The draft order emphasizes that digital documents used for identity verification should be interoperable, support data minimization and not enable those that issue them to track their use. Data minimization includes offering only the information needed, like a yes/no answer to whether a person is older than a certain age, the order noted.

The draft order also calls on the Social Security Administration and other agencies to weigh offering attribute validation services — where the agency gives a yes or no answer to whether the information offered by an applicant matches government records — for government identity verification systems and benefits programs. 

If implemented, that provision could potentially disrupt the current reliance on data brokers and credit bureaus to verify these types of facts to identify people online. 

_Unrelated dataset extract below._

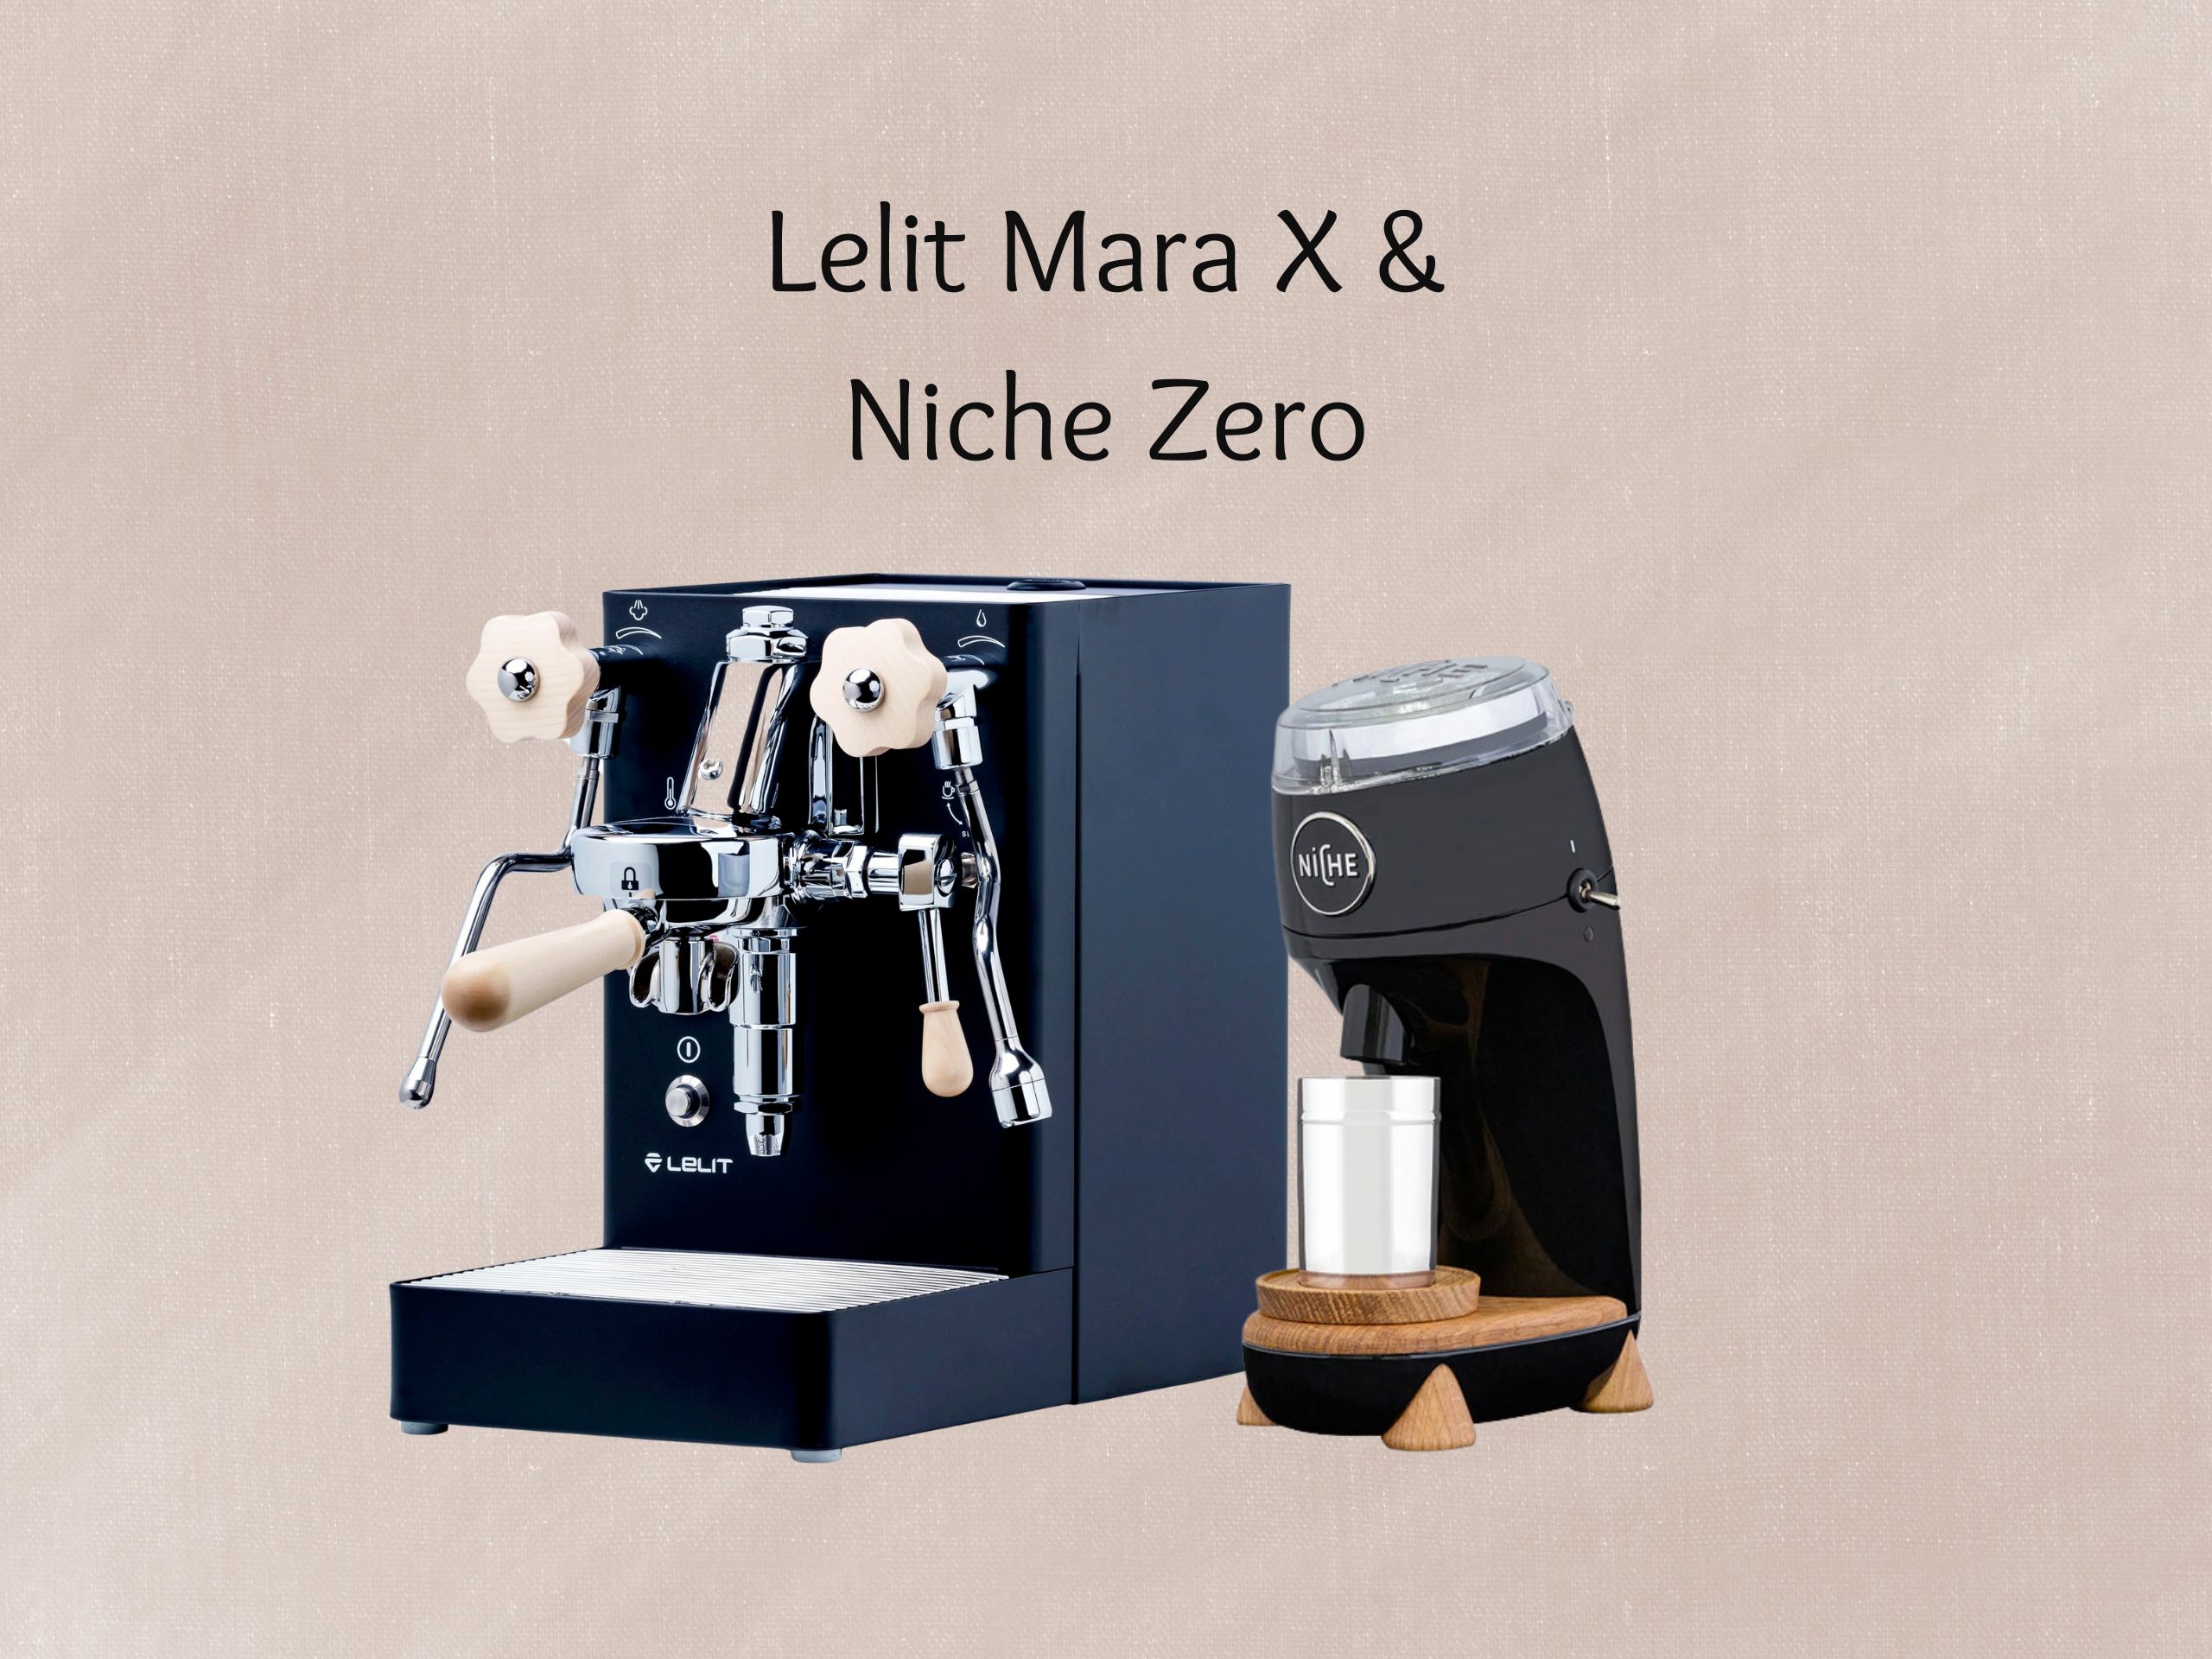 Lelit Mara X & Niche Zero

The use of mDLs and digital identity documents is also a potential alternative to current identity proofing solutions that require users to take photos of their physical IDs and submit a selfie to match against the ID. 

That includes offerings both from industry — like private company ID.me — and the government-backed Login.gov, which has been moving to require facial recognition plus a photo of a physical ID.

“The efficacy of these methods is being eroded by new technology,” NIST noted in a May 2024 blog post. The creation of “images of driver’s licenses generated by artificial intelligence that are so accurate that document scanning tools believe they are real.” 

The landscape of technology to evade liveness detection technology — often combined with requirements for photos of physical ID’s — is also rapidly evolving.

Finally, the order would require the Treasury Department and General Services Administration to pilot a notification service when a person’s identity information is used for a public benefit application, enabling that person to stop the payment before it happens.

The White House did not immediately respond to a request for comment.